> MATERIAL PROVIDED:
⟨
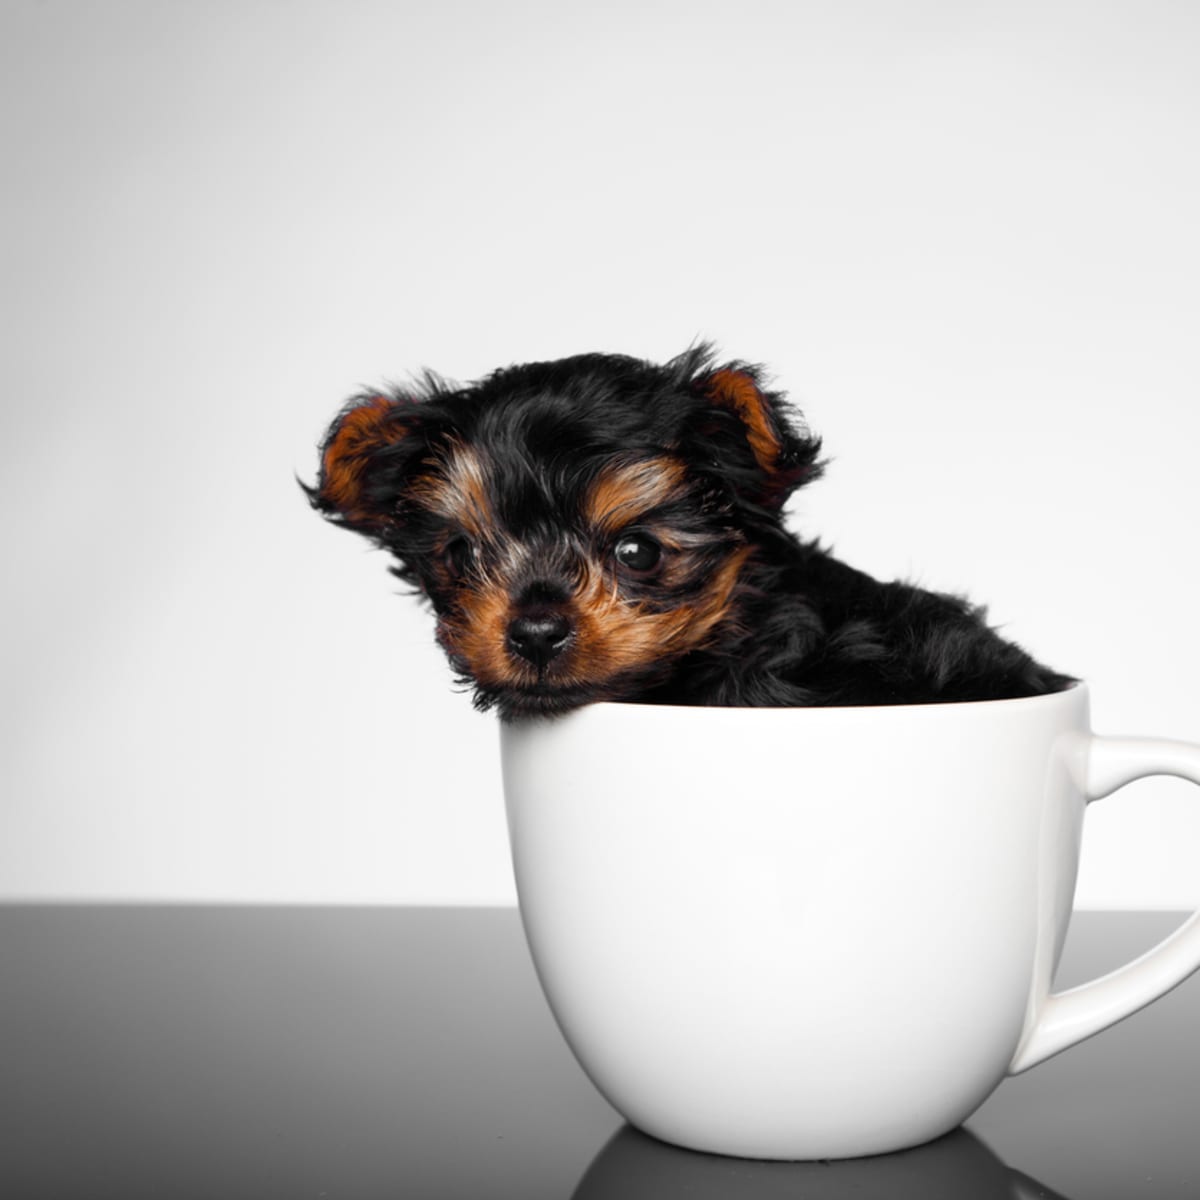 are teacup pomeranians good pets
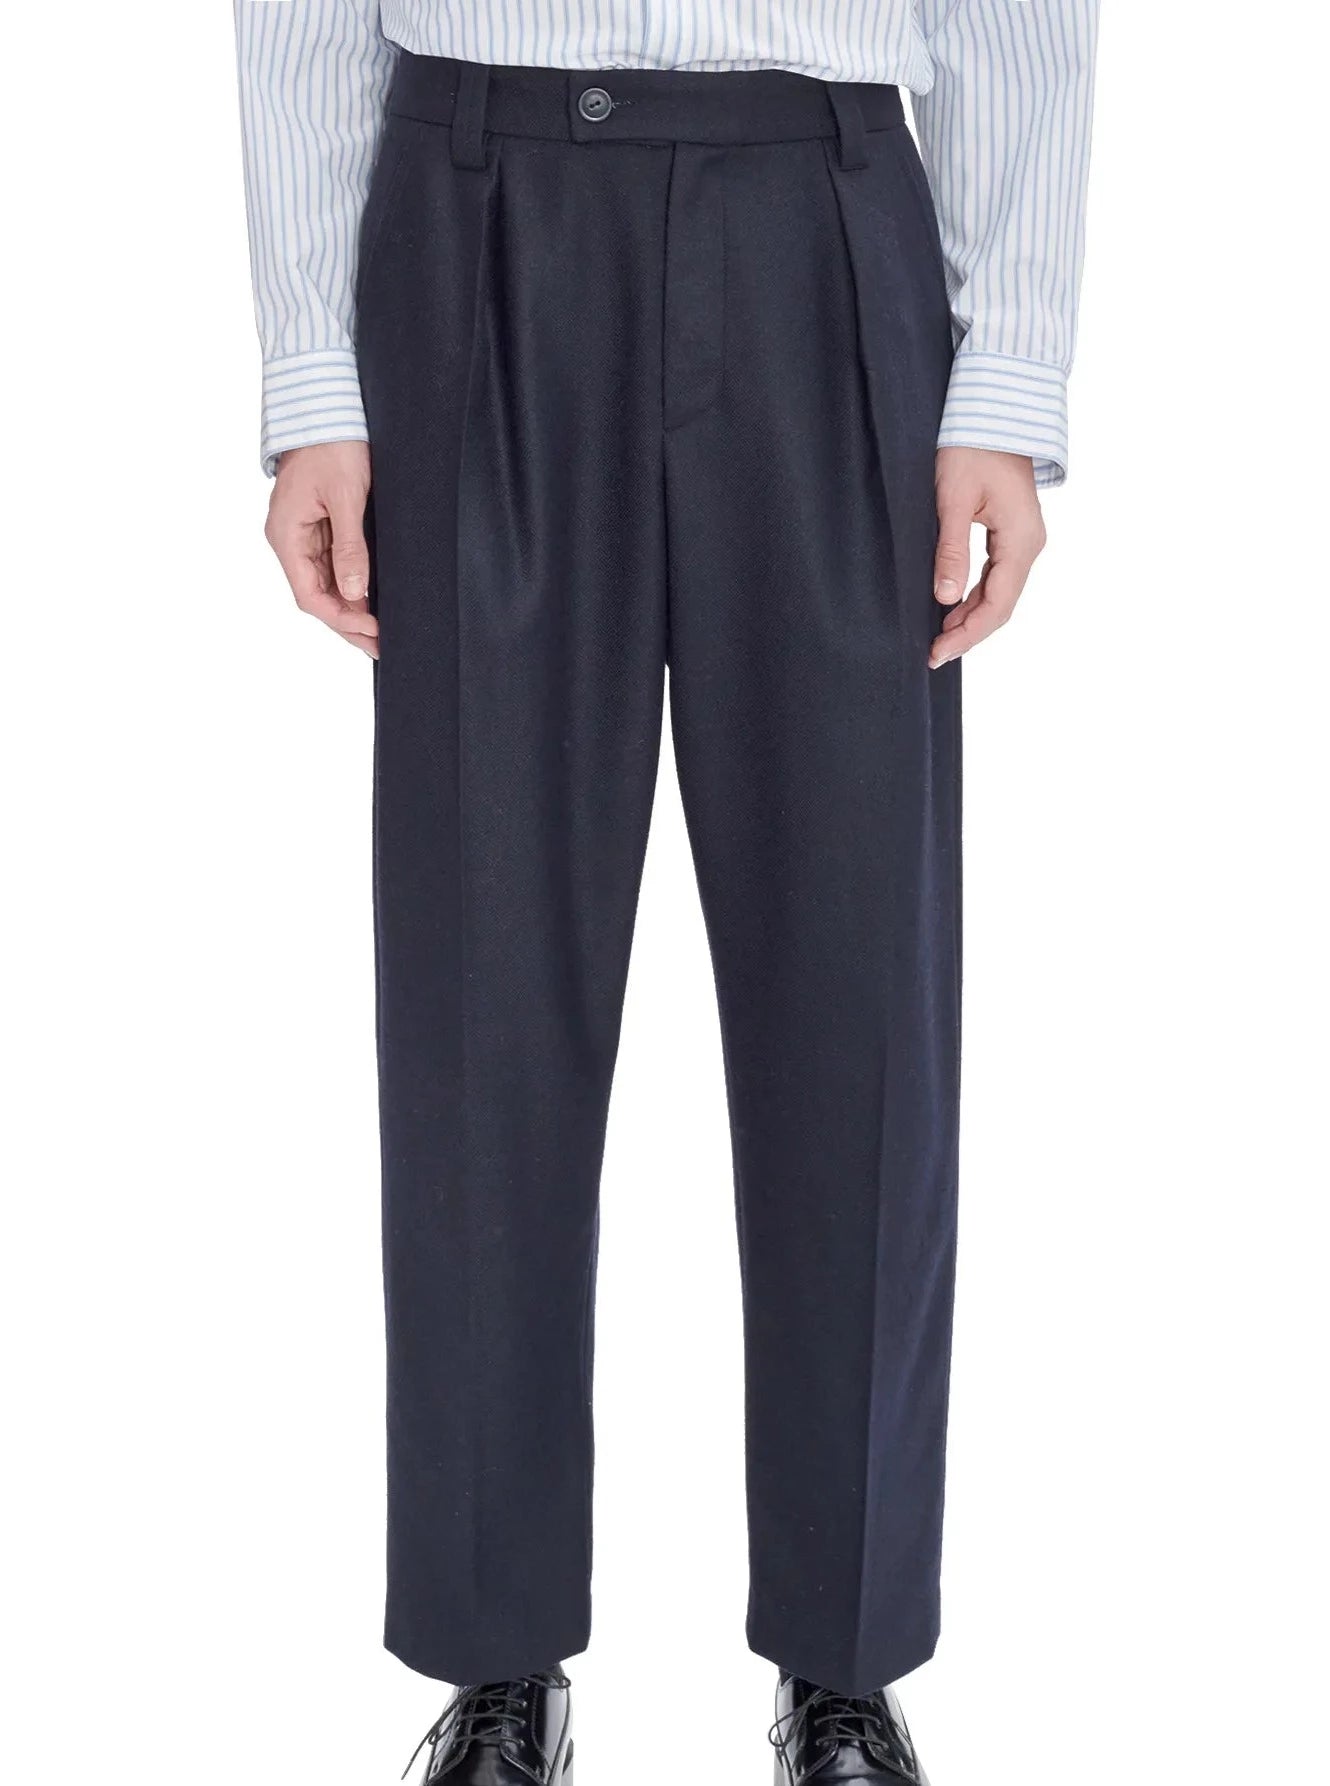 A.P.C 'Renato' Navy Trousers
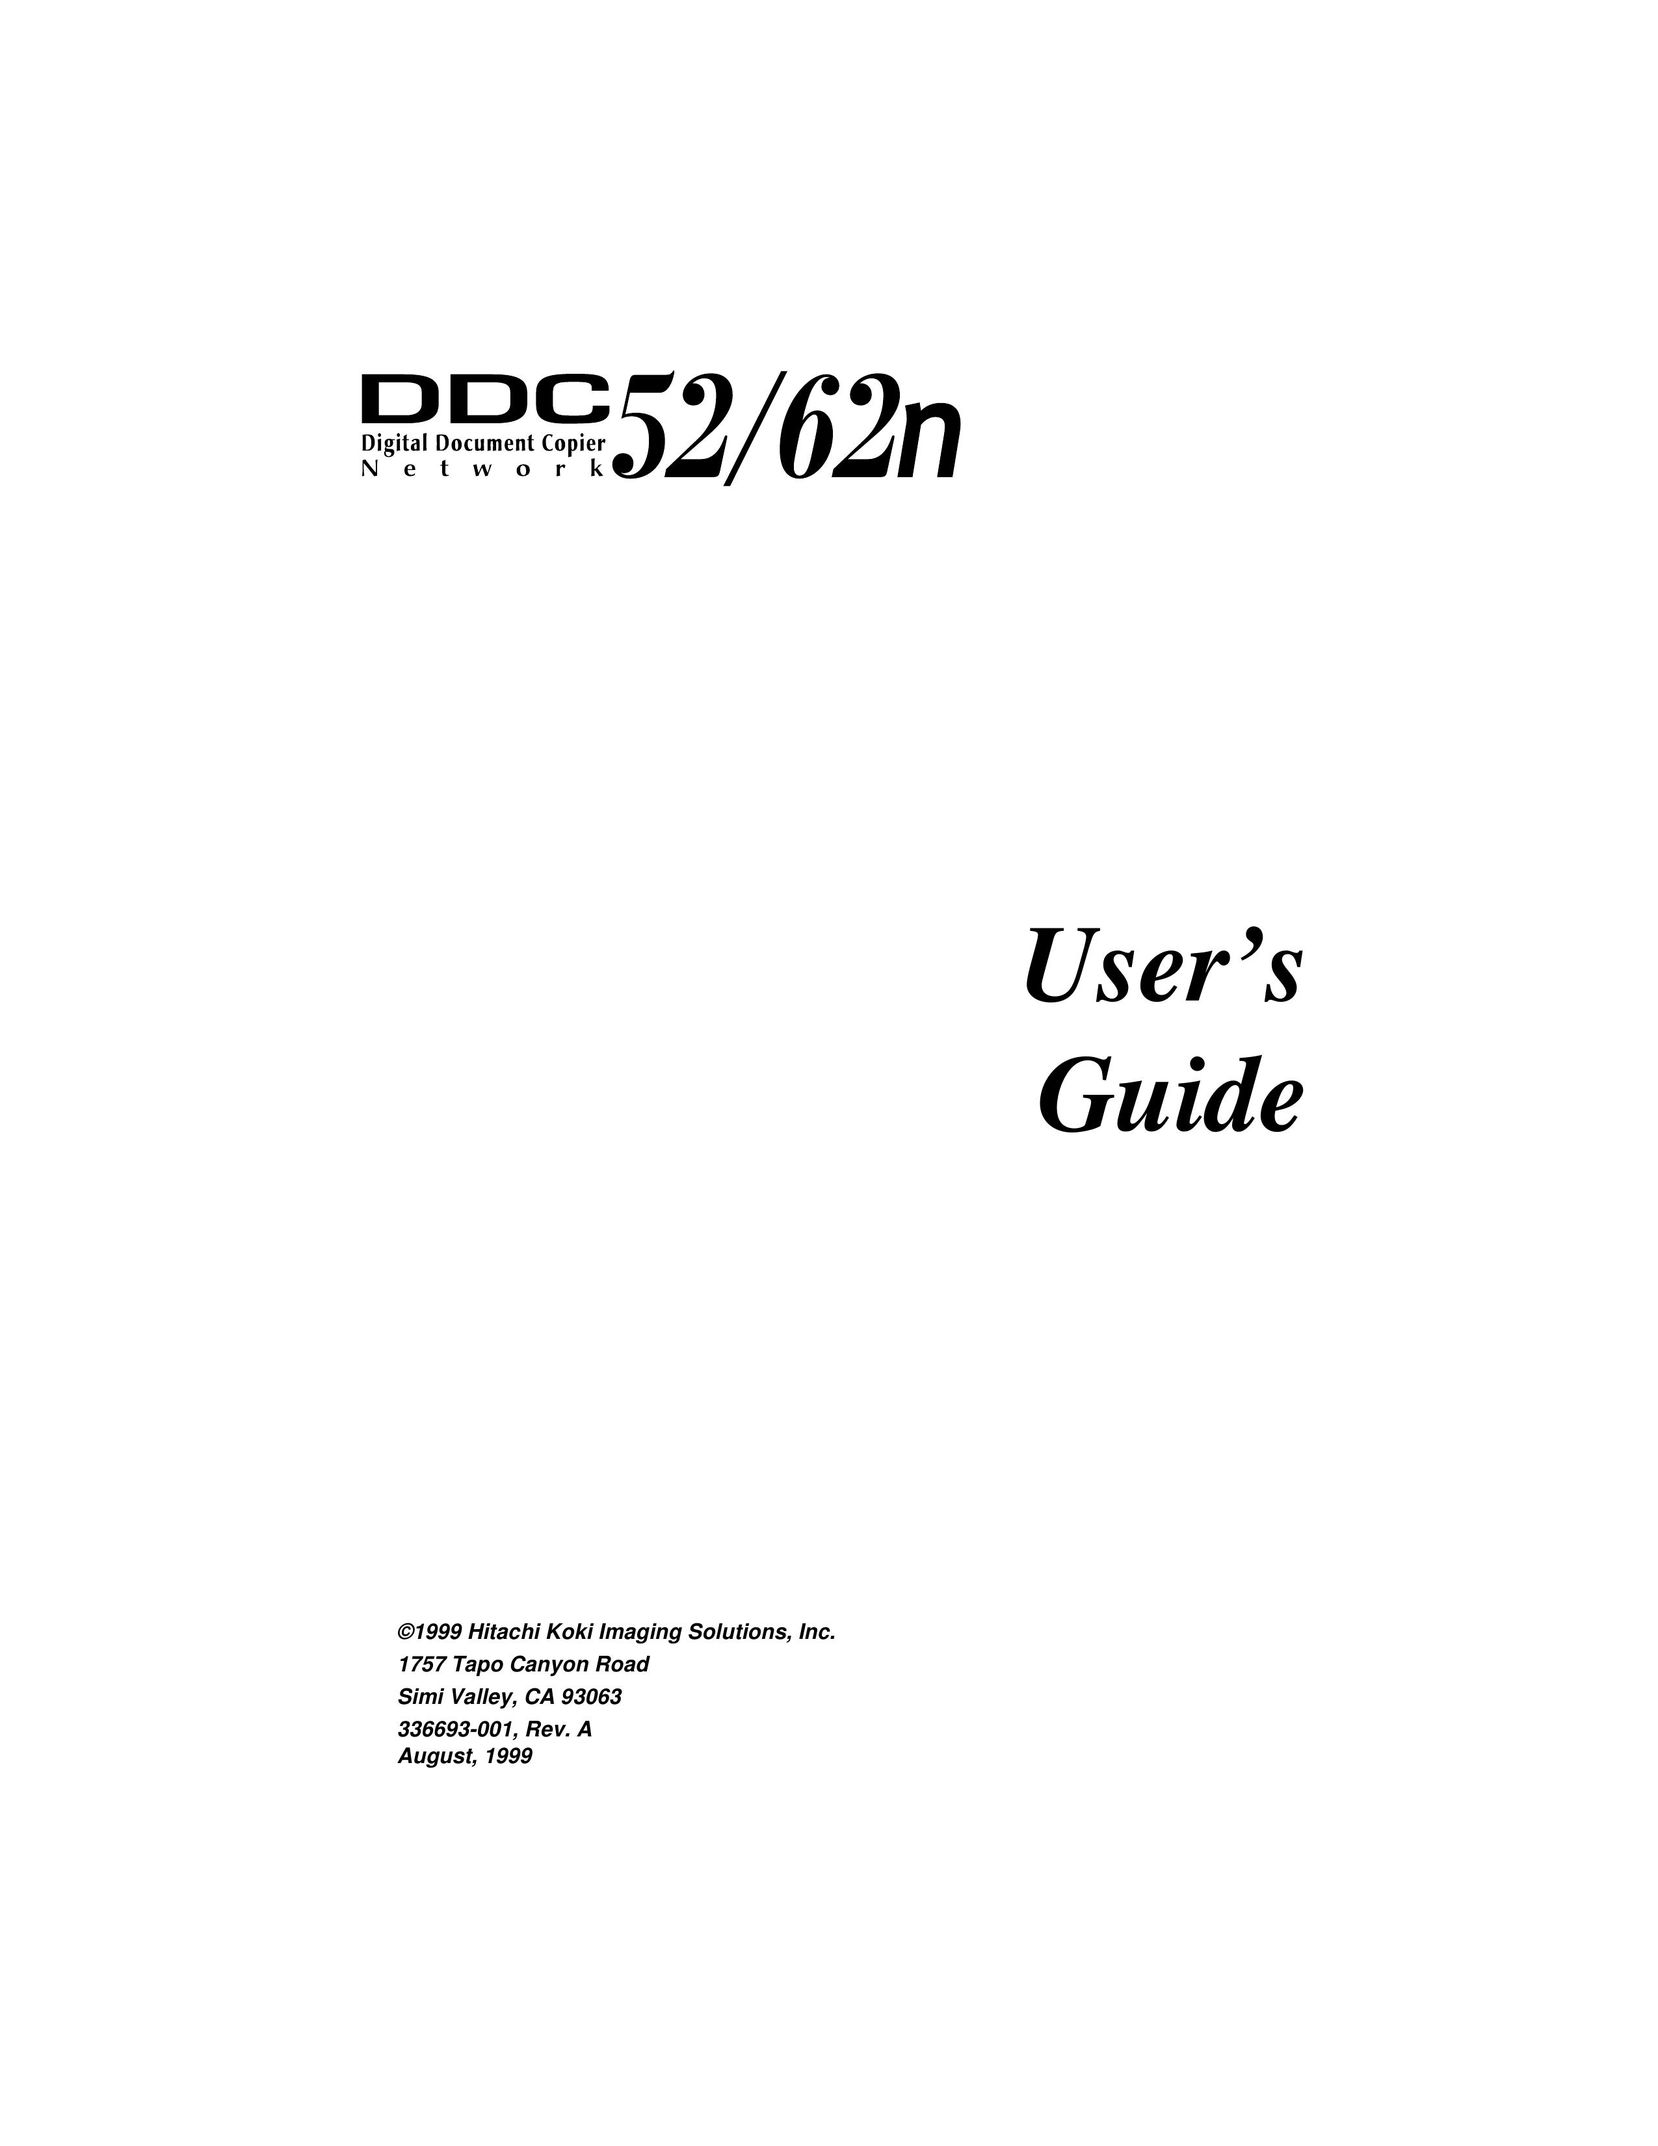 Hitachi Koki USA DDC 62N Copier User Manual
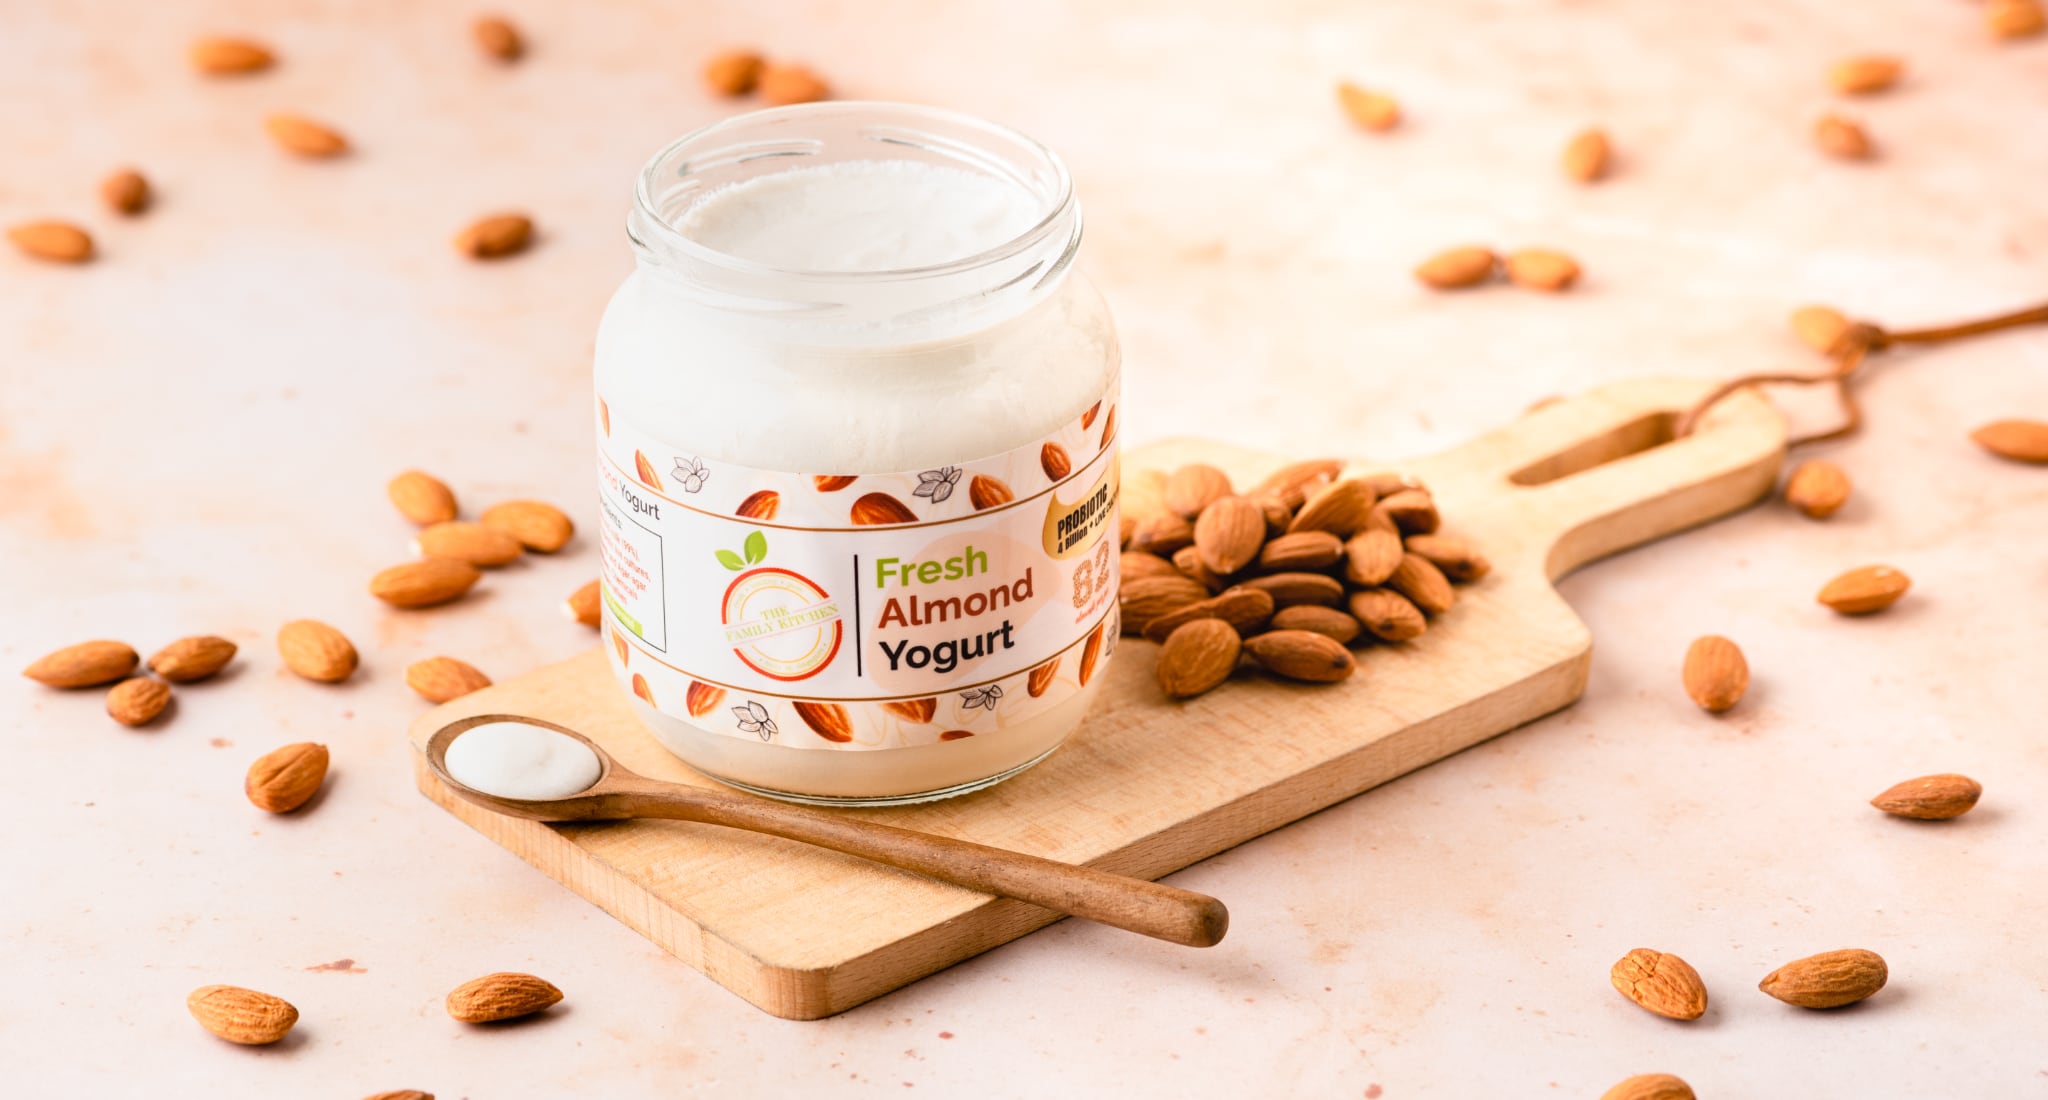 Fresh Almond Yogurt by The Family Kitchen, Singapore
⟩
> TASK: Only the lines from the one holding "A.P.C 'Renato' Navy Trousers" through the end of the data are to be printed, exactly as they stand and with no pictures.

> ANSWER AREA:
 A.P.C 'Renato' Navy Trousers
 Hitachi Koki USA DDC 62N Copier User Manual
 Fresh Almond Yogurt by The Family Kitchen, Singapore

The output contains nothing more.